* **Data for review**:
::::::::

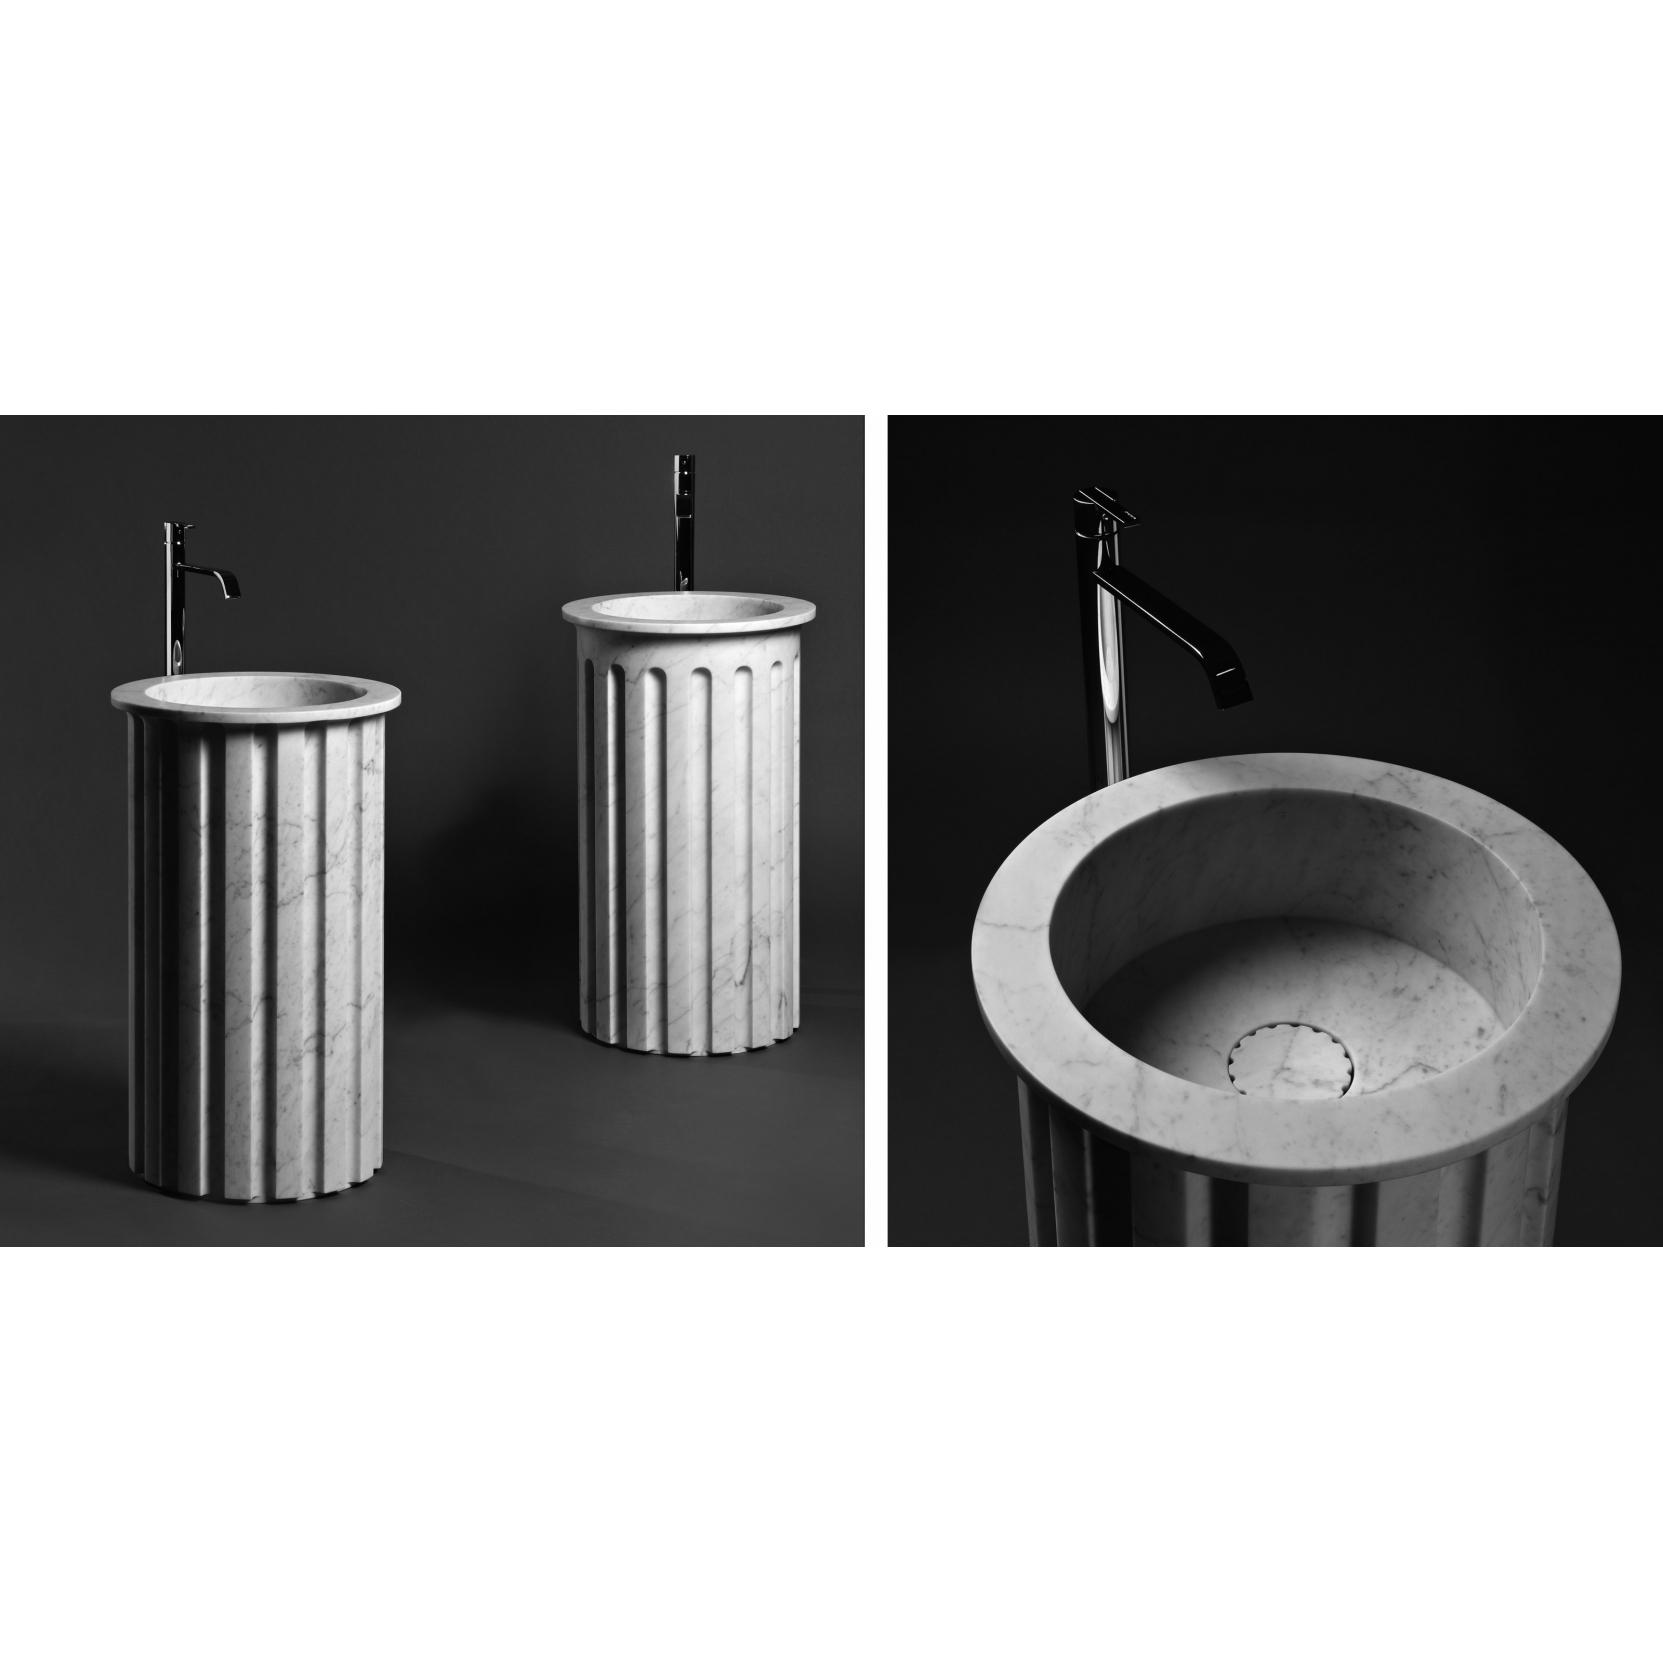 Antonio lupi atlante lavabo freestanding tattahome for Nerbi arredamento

::::::::

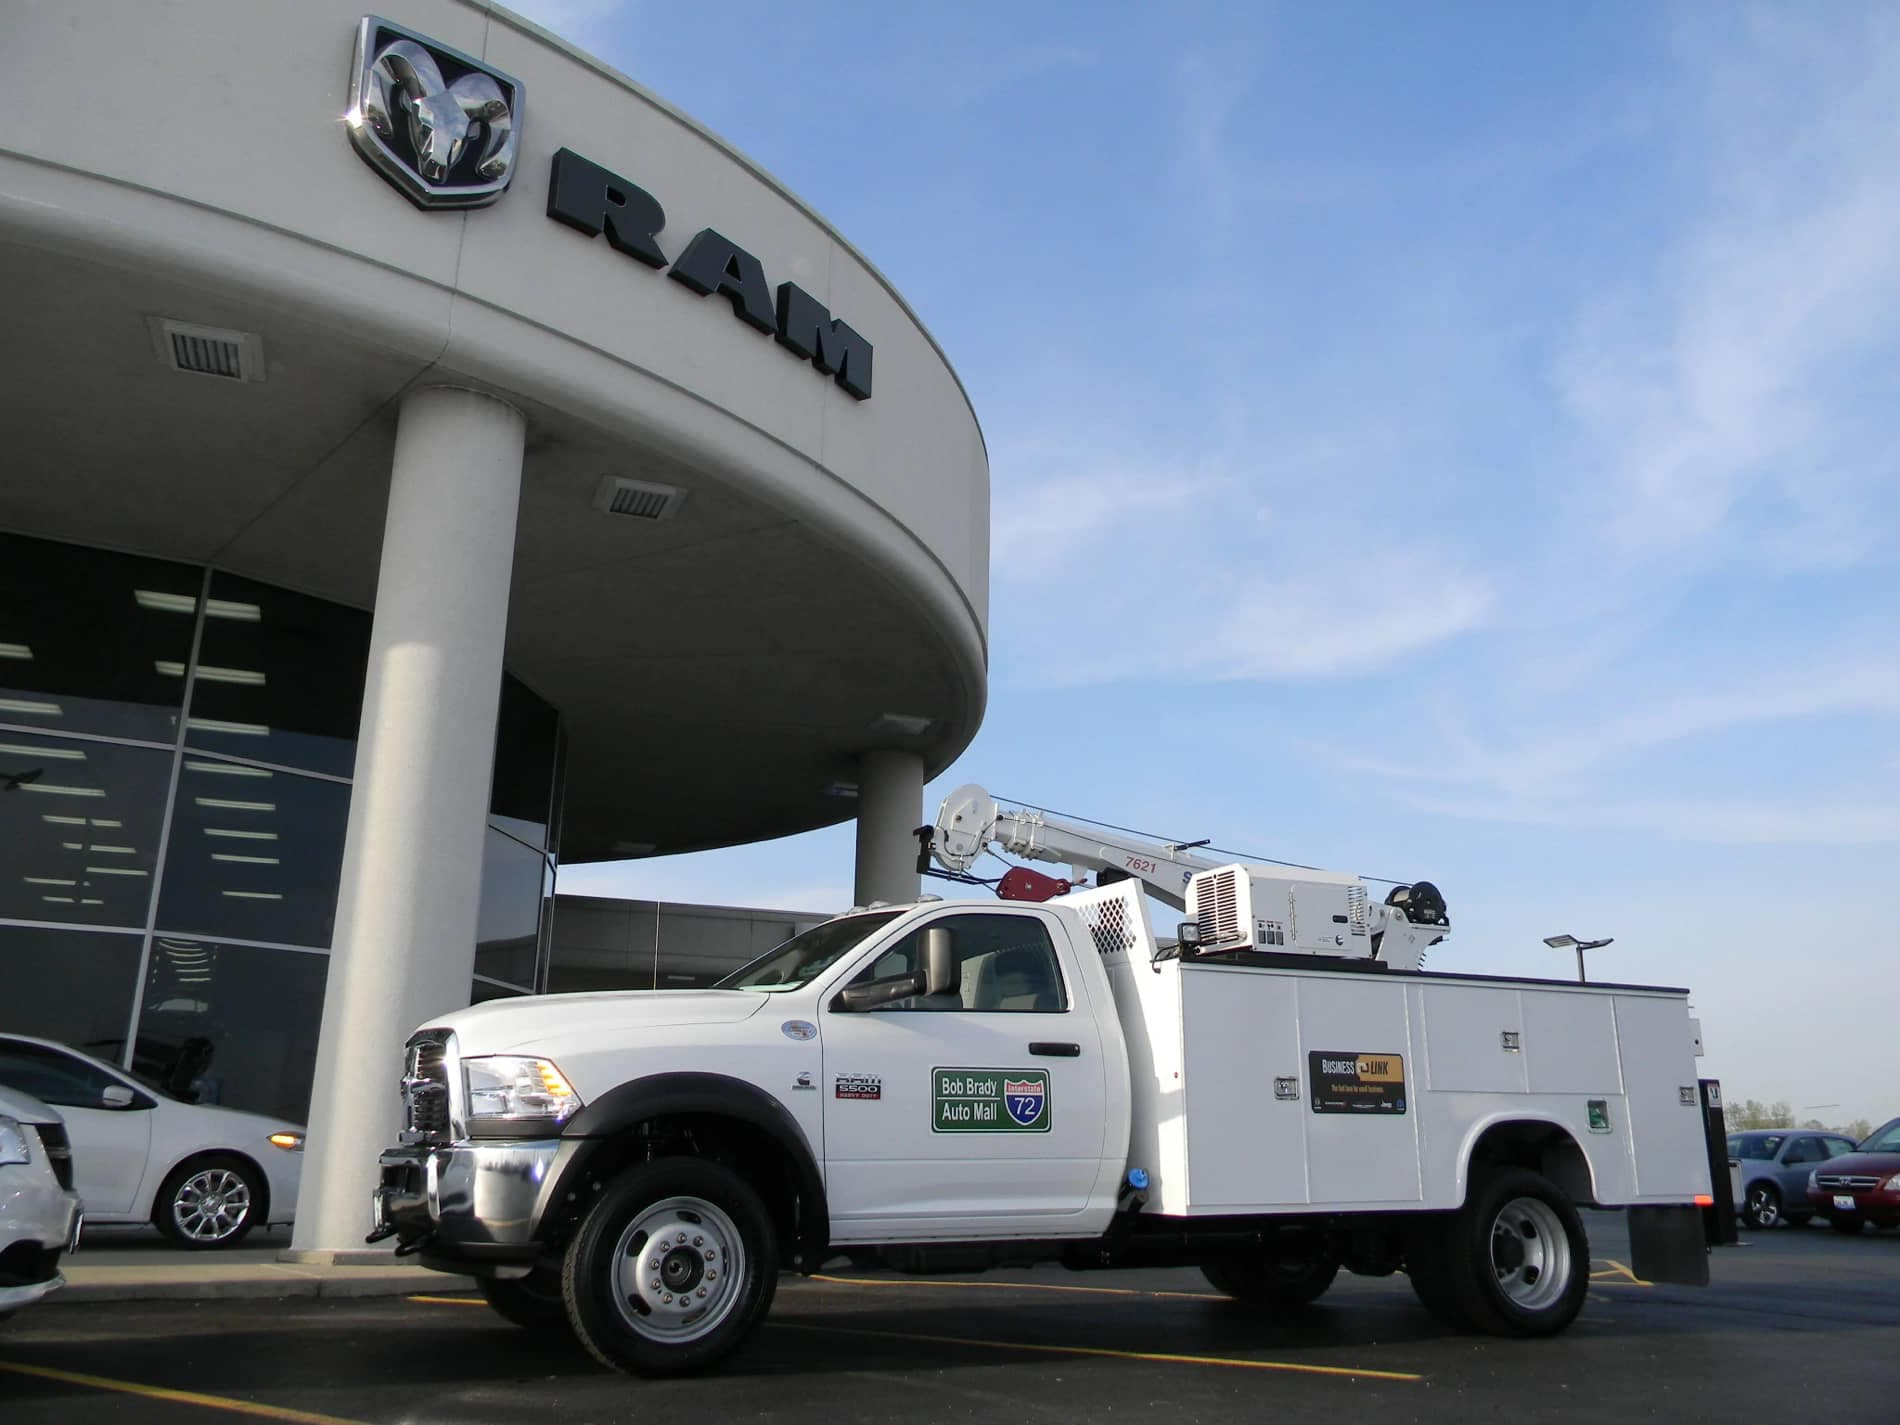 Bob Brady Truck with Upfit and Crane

::::::::

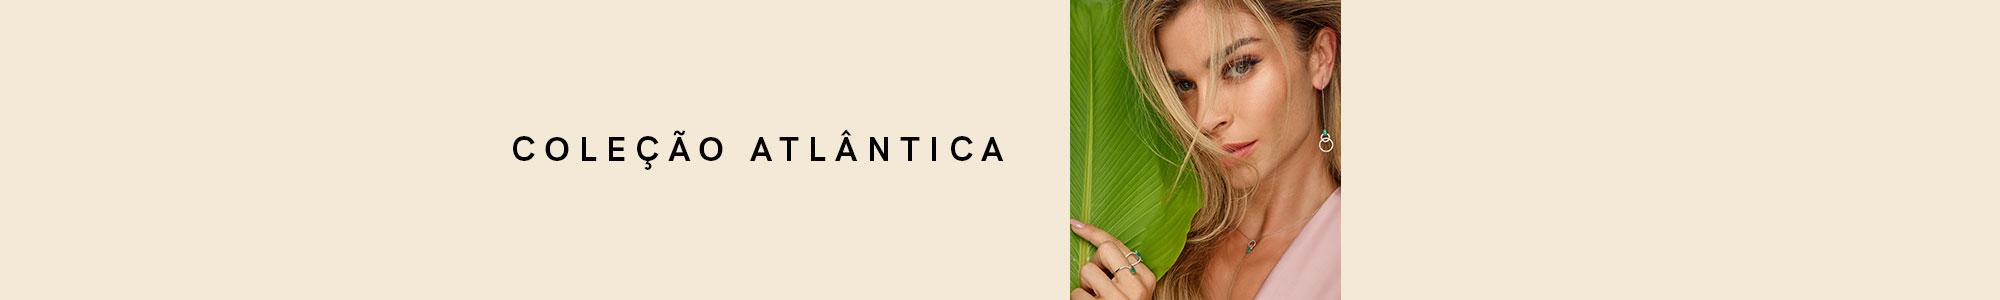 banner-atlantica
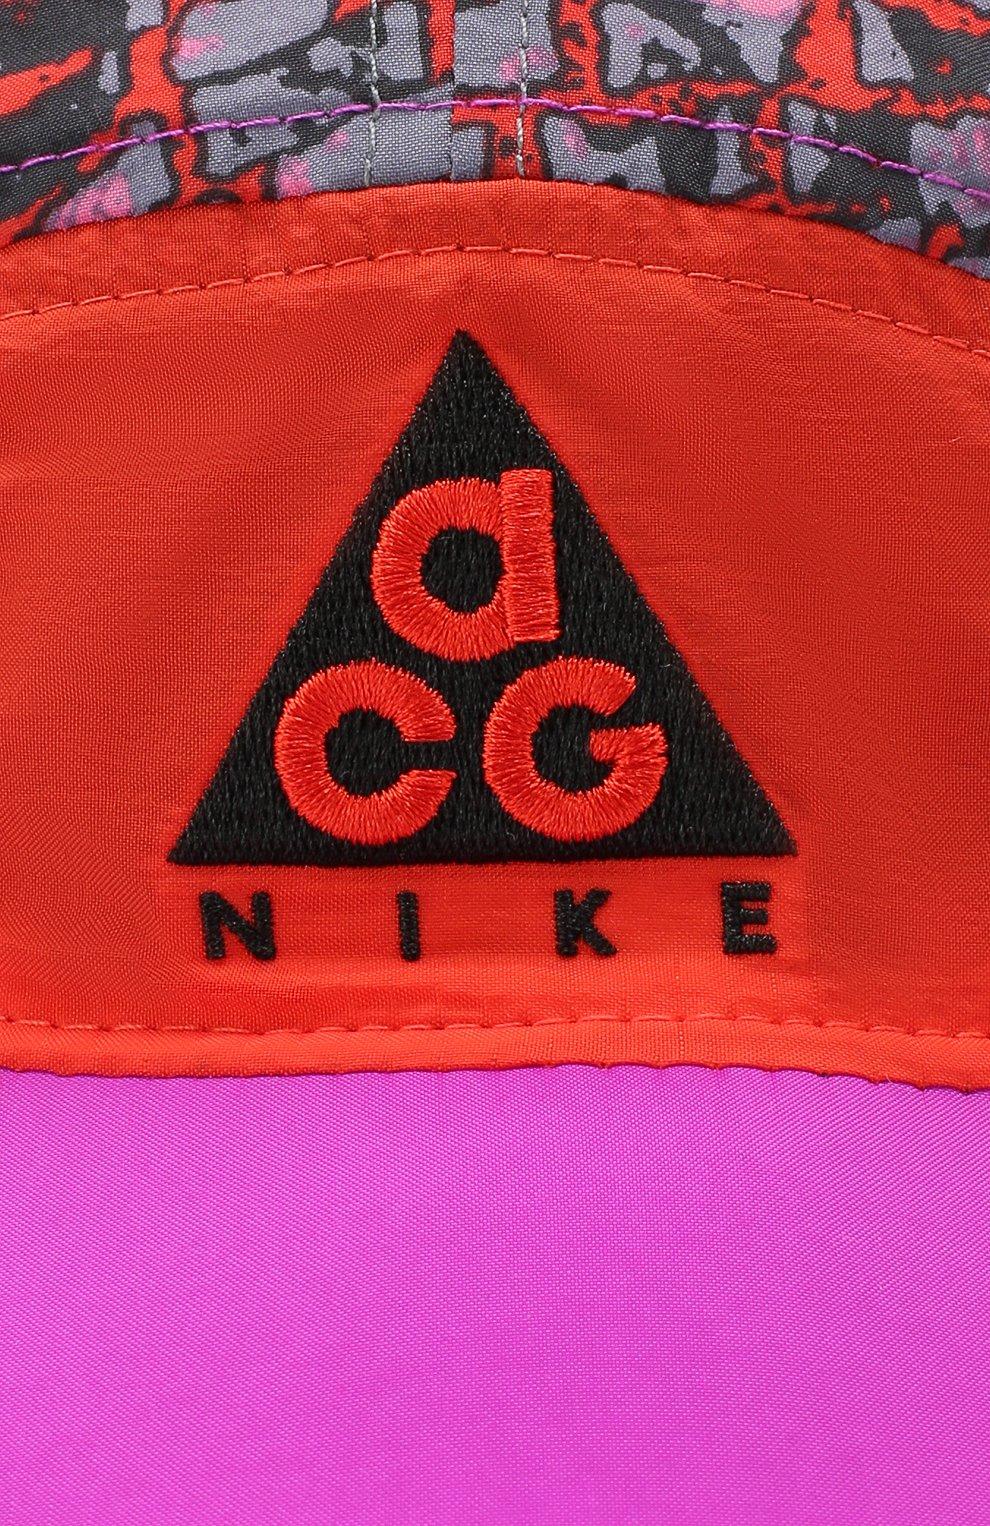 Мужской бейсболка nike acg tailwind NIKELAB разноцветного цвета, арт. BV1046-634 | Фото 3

::::::::

* **What is being asked**: What to print is the stretch of entries from the line with "banner-atlantica" up to and including the line with "Мужской бейсболка nike". Please print it exactly and leave out the pictures.

* **Problem solution**:
 banner-atlantica
 Мужской бейсболка nike acg tailwind NIKELAB разноцветного цвета, арт. BV1046-634 | Фото 3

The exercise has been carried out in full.